What the hell kind of name is "The Story of Ears and Tail?"
Ryusui
Guest
« Reply #9 on: December 10, 2007, 02:40:36 pm »

I'd guess they're character names: "Mimi" means "ears", and "Shippo" means "tail".

(I remember a rabbit on "The Adventures of the Little Koala" being named Mimi. I'm betting that's one name that was the same in the original Japanese version. Also note one scene in Shenmue, where the little girl agrees that "Mimi" is a good name for the cat in a way that sounds like a non-sequitur in English. And any Inuyasha fan is familiar with a certain pipsqueak fox spirit.)

EDIT: Ah. Boxart, courtesy of GameFAQs.



Erm...something makes me uncomfortable about this boxart. (On a side note, now you know who Mimi and Shippo are.)

(And for those who try to find this game on GameFAQs, naturally the information was all put in by someone who can't read Japanese to save their lives. Just browse PS2 games starting with "P"...it's "Pyua Pyua" something, near the bottom.)
« Last Edit: December 10, 2007, 02:46:46 pm by Ryusui »
I.S.T.
Guest
« Reply #10 on: December 10, 2007, 03:18:55 pm »

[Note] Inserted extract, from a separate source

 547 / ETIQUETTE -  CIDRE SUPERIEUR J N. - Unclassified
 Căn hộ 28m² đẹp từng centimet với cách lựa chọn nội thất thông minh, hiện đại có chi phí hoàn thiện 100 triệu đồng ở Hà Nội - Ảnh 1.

Here's a youtube vid... http://www.youtube.com/watch?v=CYWrwF_OWwk

Now, it does not say what version it comes from. It looks like one of those creepy borderline games, especially considering how young everyone looks....

As a sheer note of irony, my little sister has several pictures from that game. I recognized them once I saw the vid... She has no idea where it comes from, as she gets most of her stuff off of random quizilla/deviant art postings. This is not the first time she's found a picture from a PC hentai/possibly hentai game and used it/saved it. :laugh:

Edit: It's official, the game is an H adventure: http://en.wikipedia.org/wiki/Pure_Pure_Mimi_to_Shippo_no_Monogatari
KaioShin
Guest
« Reply #11 on: December 10, 2007, 03:33:40 pm »

Good, then I want it  :angel:
Kyrael Seraphine
Guest
« Reply #12 on: December 10, 2007, 04:15:48 pm »

The artist is Sakurazawa Izumi. She (I think, at least. I don't think it's a guy, at least.) does a lot of that stuff. Pet fetish, borderline lolicon. It's her bread and butter, so to speak. It's mostly tame stuff, though.

Mostly famous, but not, for being stolen on a million DevianTART and LJ profiles by overweight yaoi fangirls, because her main character (the redhead on the cover, she re-uses that character archetype constantly) is "OMG KAWAII~!!" or so.

Famous, yes, because her art is all over the more rabid areas of the internets, but not famous, because about one in every hundred of them could name the artist.

(Is it too obvious that I hate DA? Heh.)
Zirrah
Guest
« Reply #13 on: December 10, 2007, 05:27:31 pm »

On an ironic note, I made that Wiki entry...

Also, that box art wasn't the release box art. I really need to scan the release one. It's a bit less disturbing than the pre-release one.

((And as you probably already know from the Wiki entry, their names aren't Mimi or Shippo, it's Hinata, Tobari(The two on the box) and Miwa, who isn't a 耳っ子))
« Last Edit: December 10, 2007, 05:45:41 pm by Zirrah »
Zirrah
Guest
« Reply #14 on: December 10, 2007, 05:39:43 pm »

The cipher didn't seem to work, so this is looking to be more complex. The only Japanese characters that appear are シ and a small, centered dot about every five or so lines.